§ PROBLEM DETAILS
While you copy the lines below, skip the pictures and keep the rest exact.

§ RECORDED INFORMATION
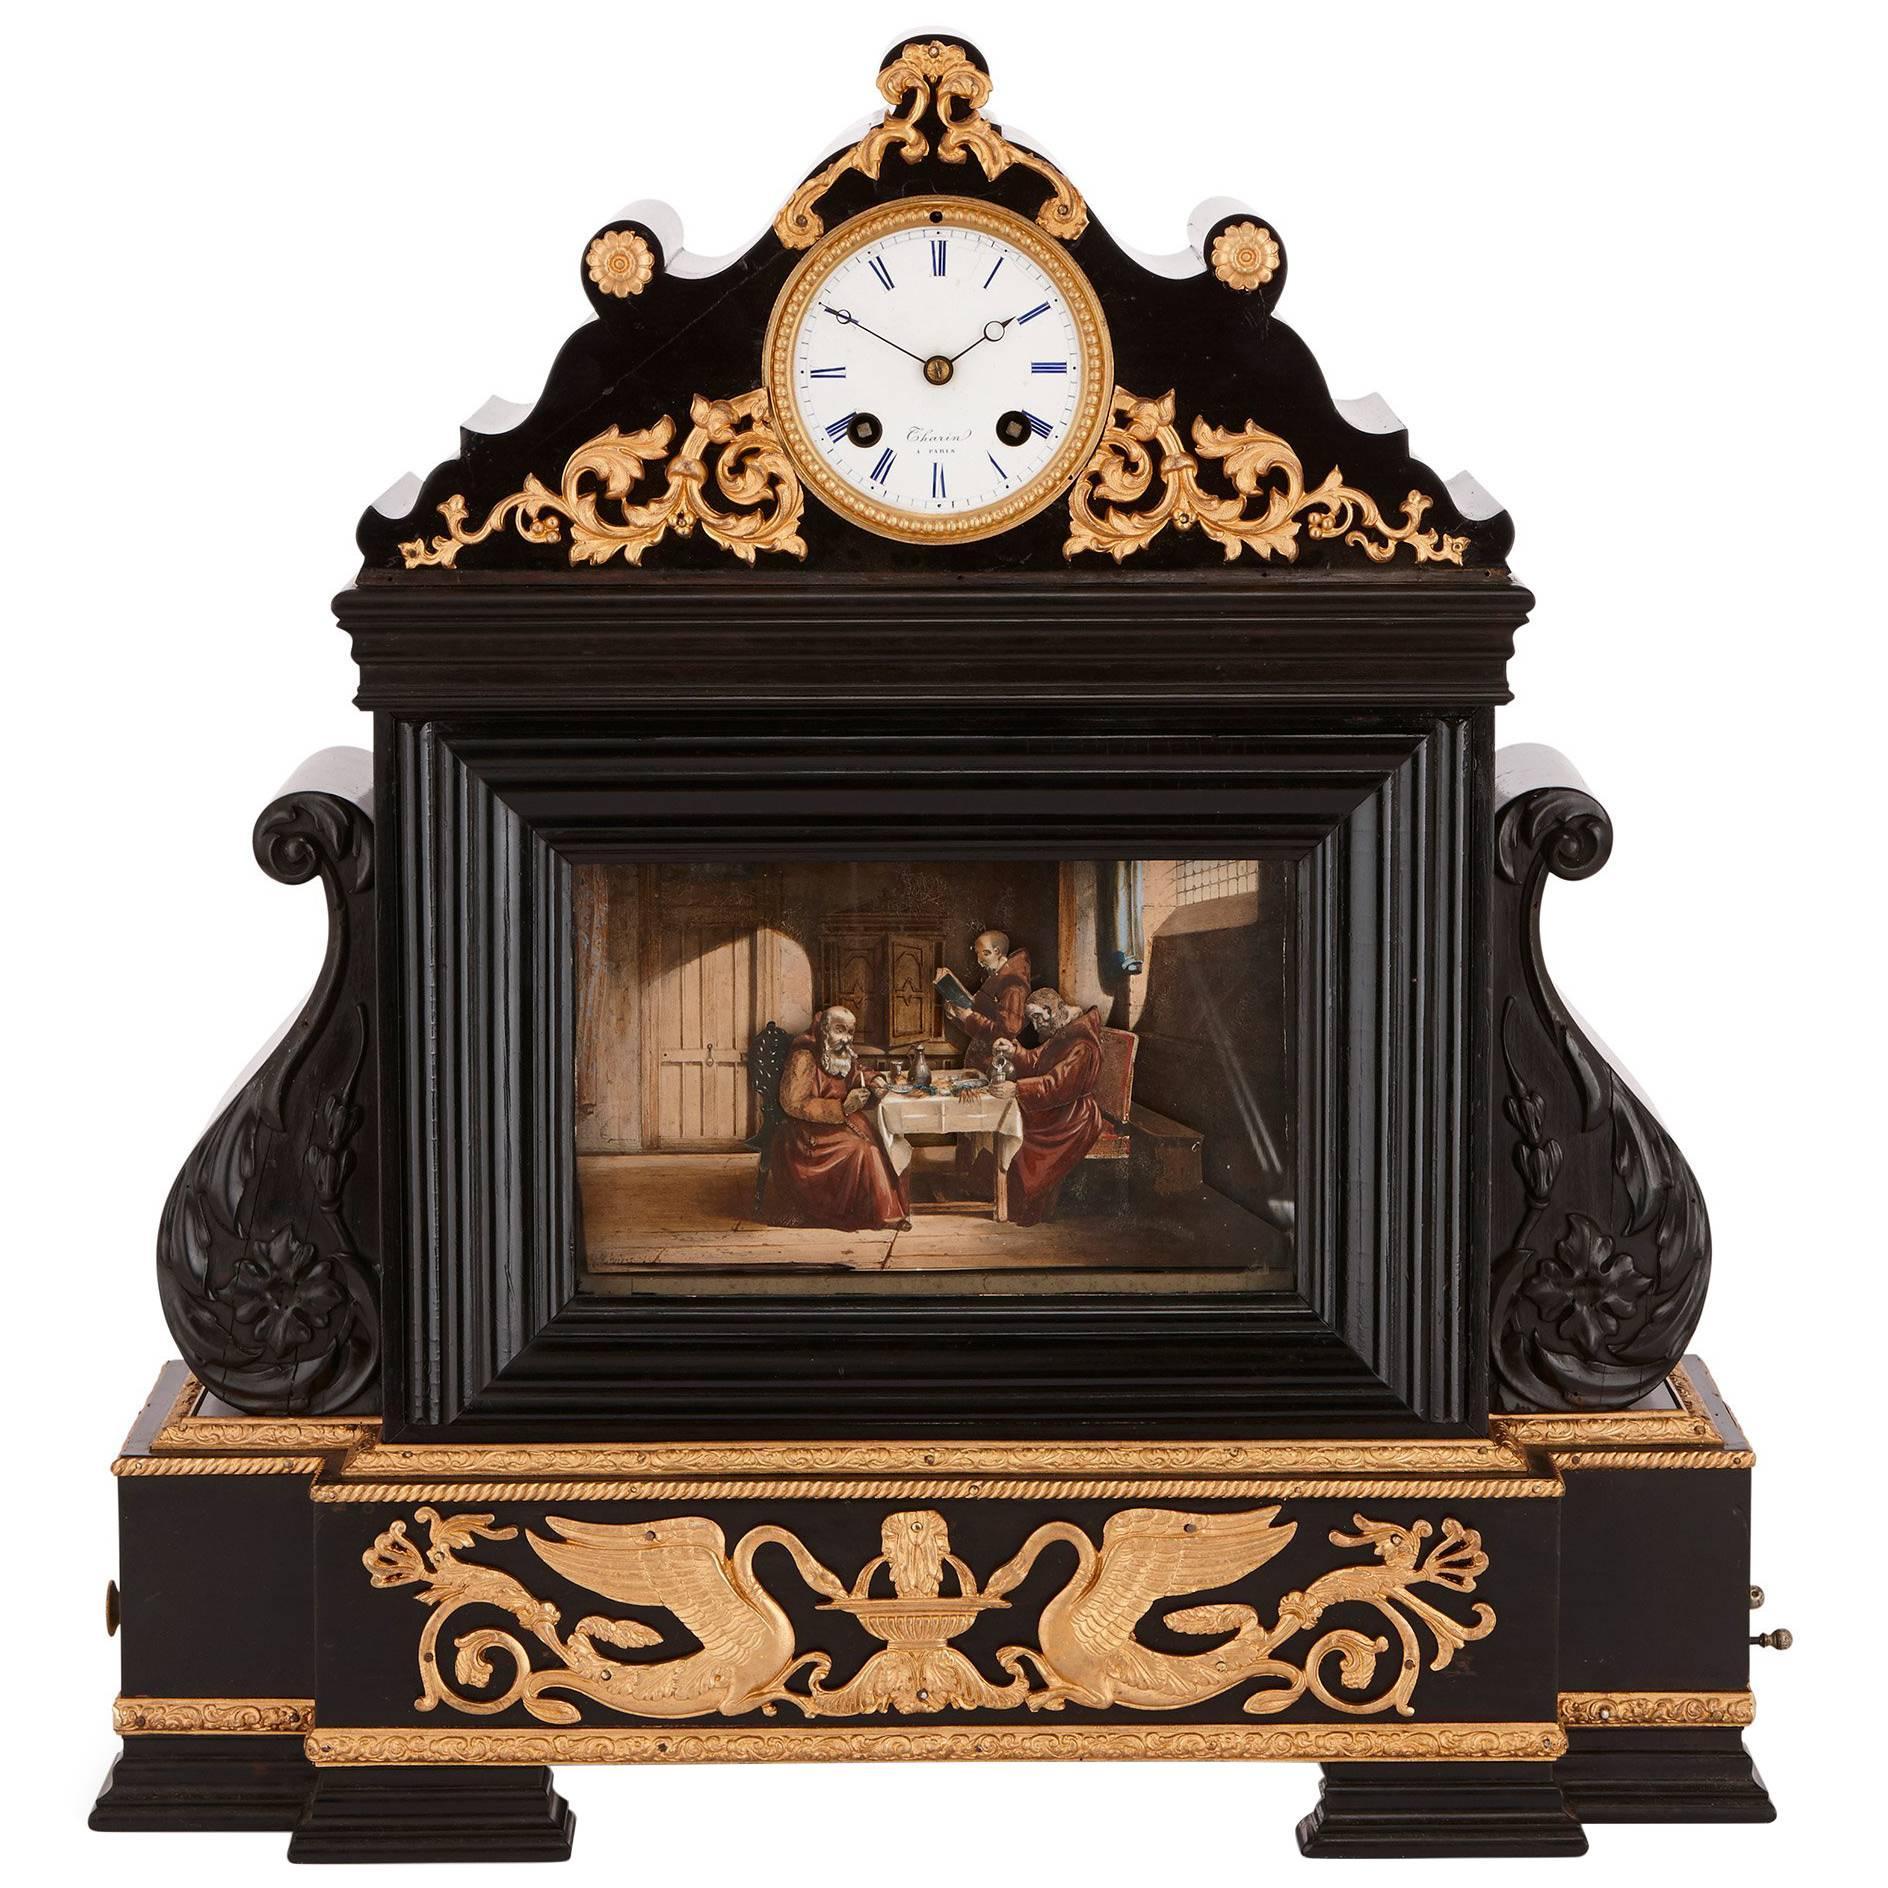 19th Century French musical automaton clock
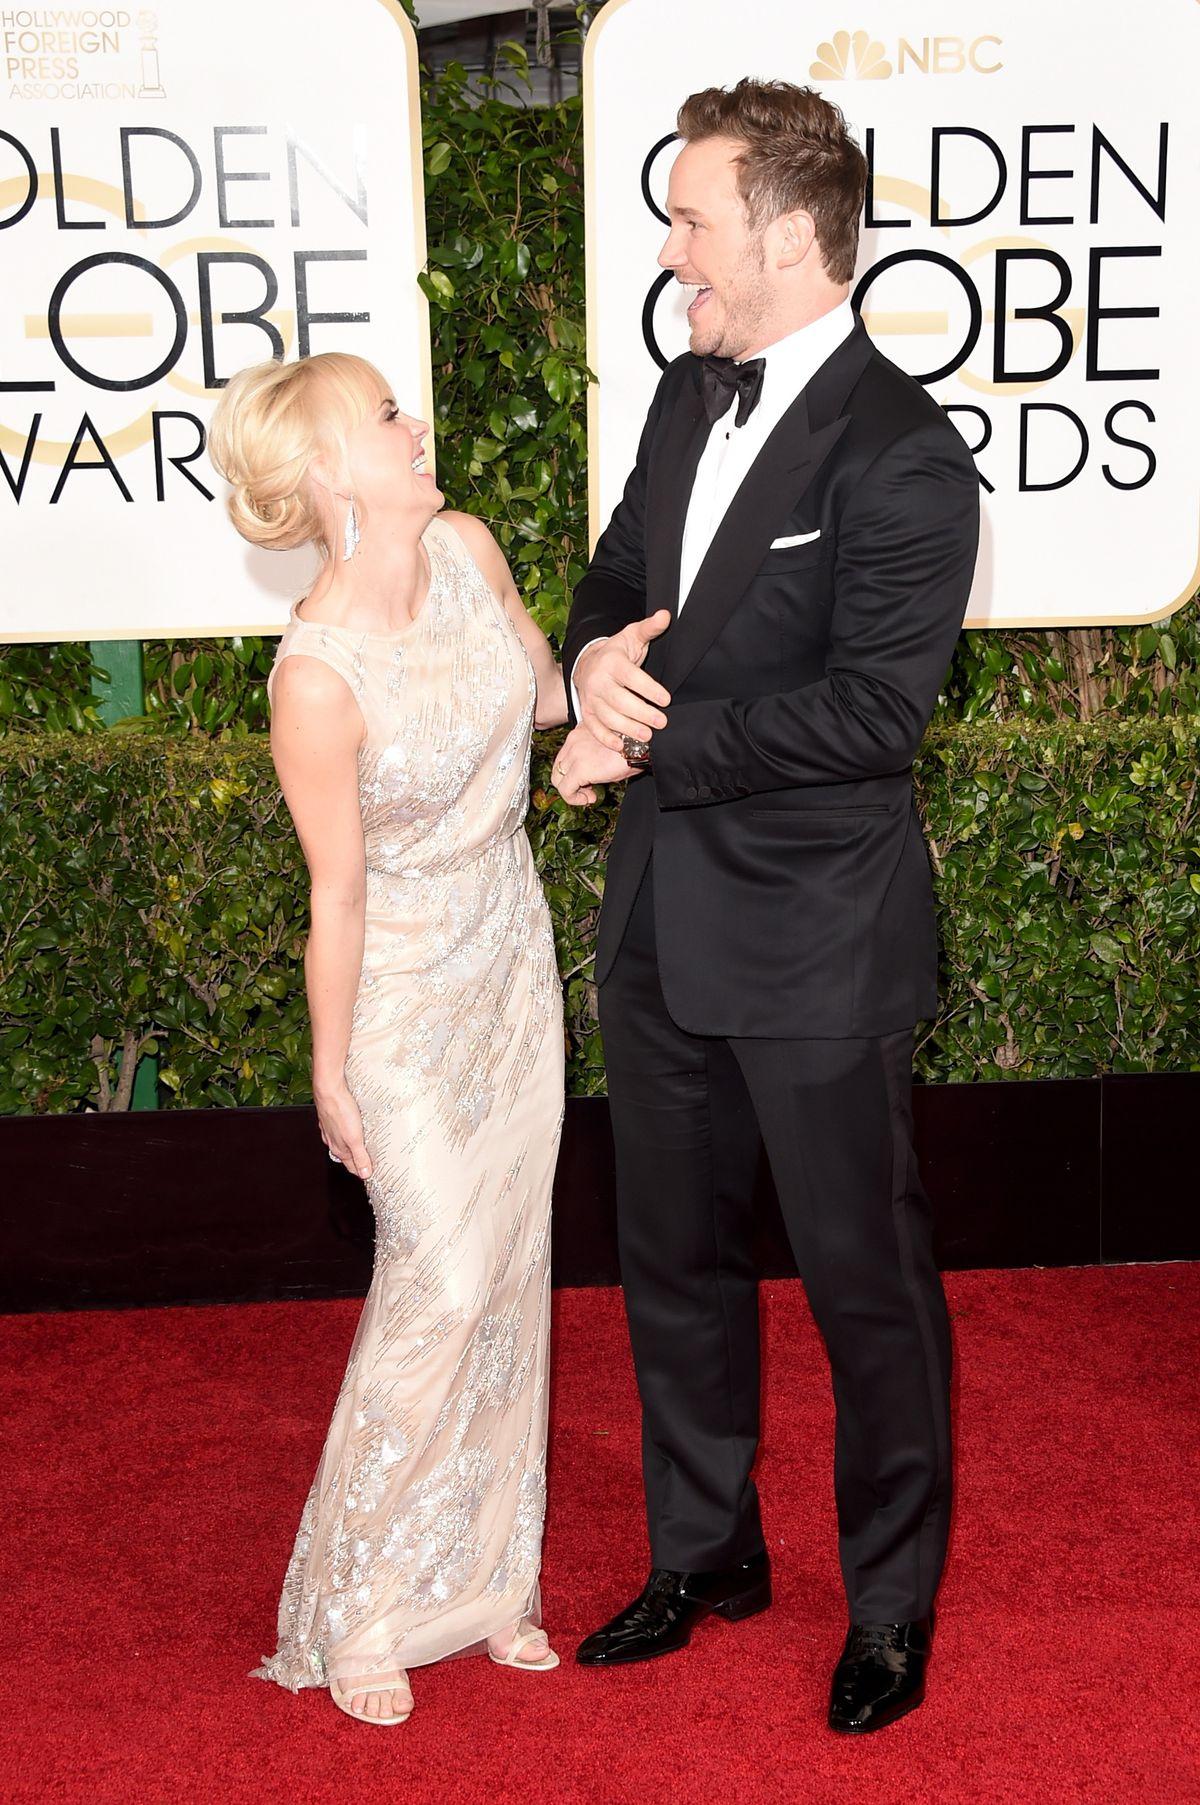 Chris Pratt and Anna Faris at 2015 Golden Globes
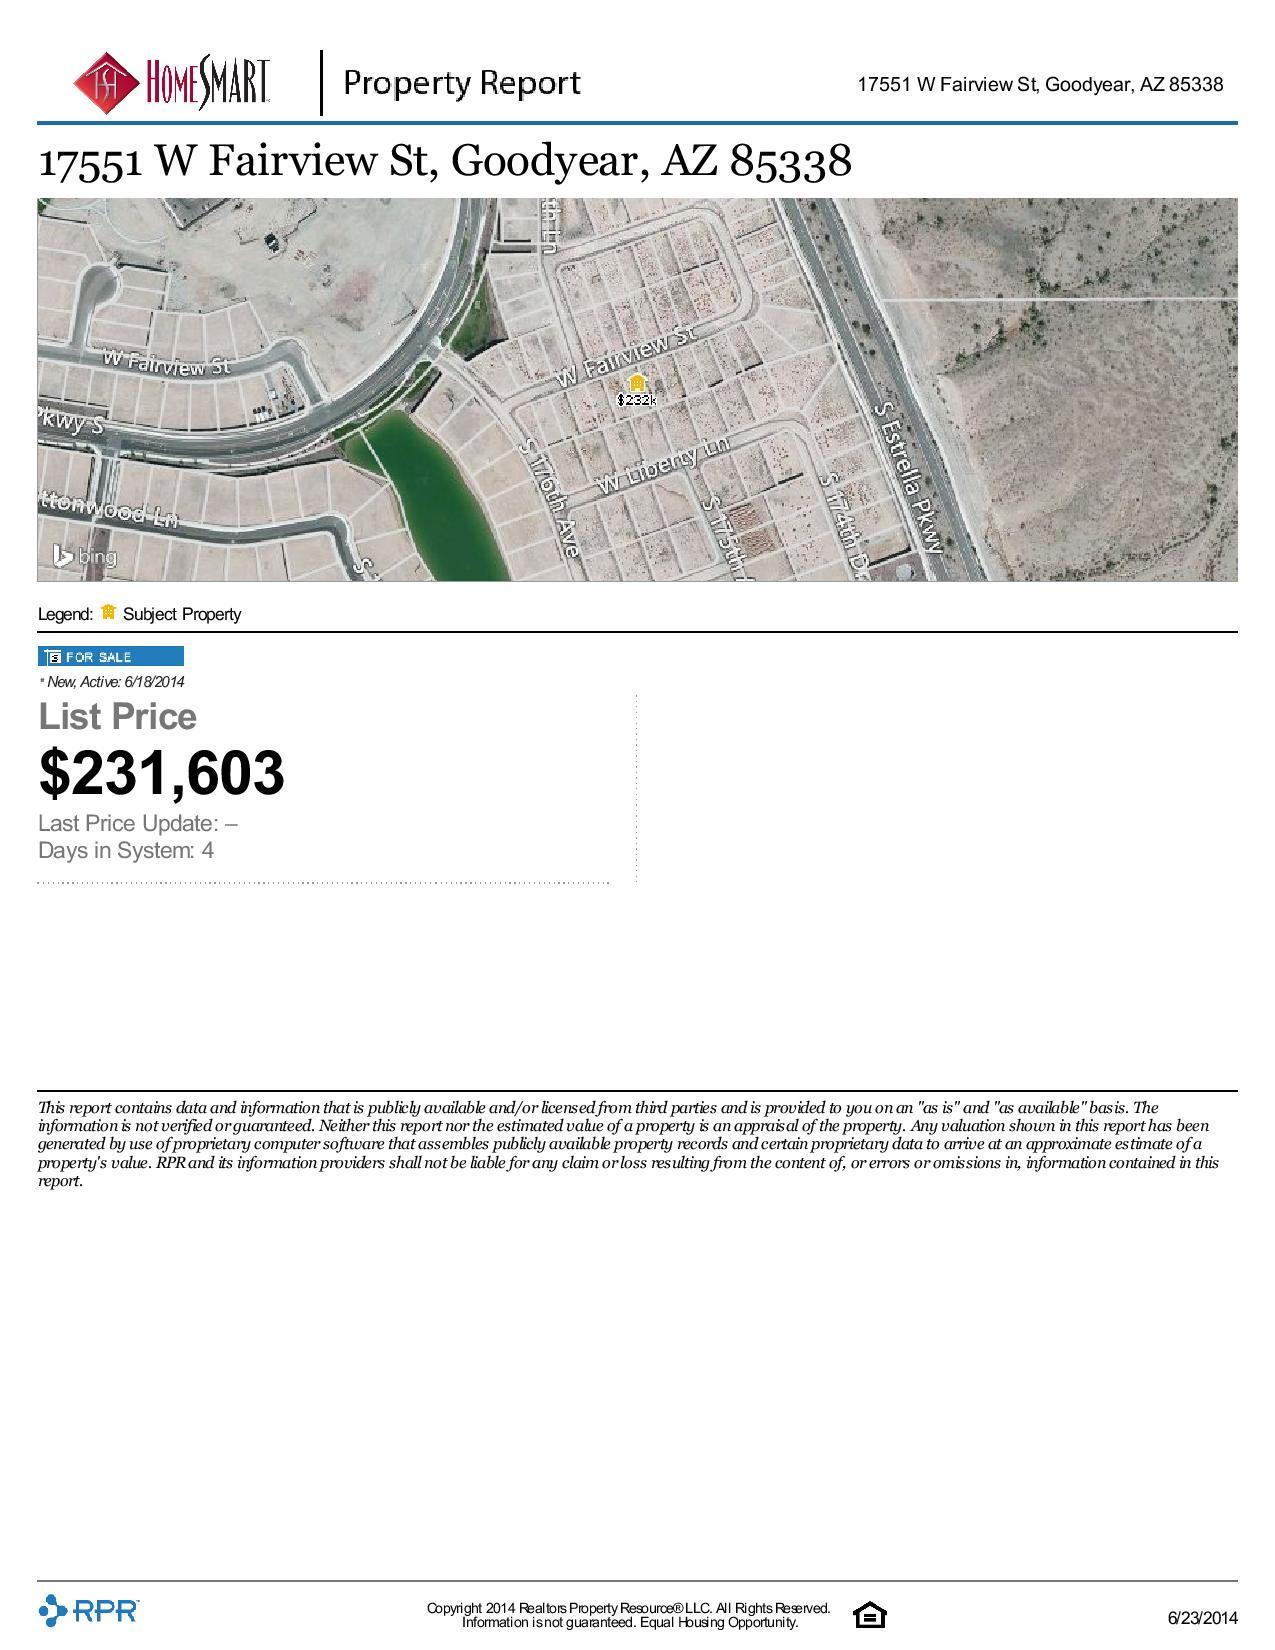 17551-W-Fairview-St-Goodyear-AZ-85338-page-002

§ SOLUTION TO THIS TASK
 19th Century French musical automaton clock
 Chris Pratt and Anna Faris at 2015 Golden Globes
 17551-W-Fairview-St-Goodyear-AZ-85338-page-002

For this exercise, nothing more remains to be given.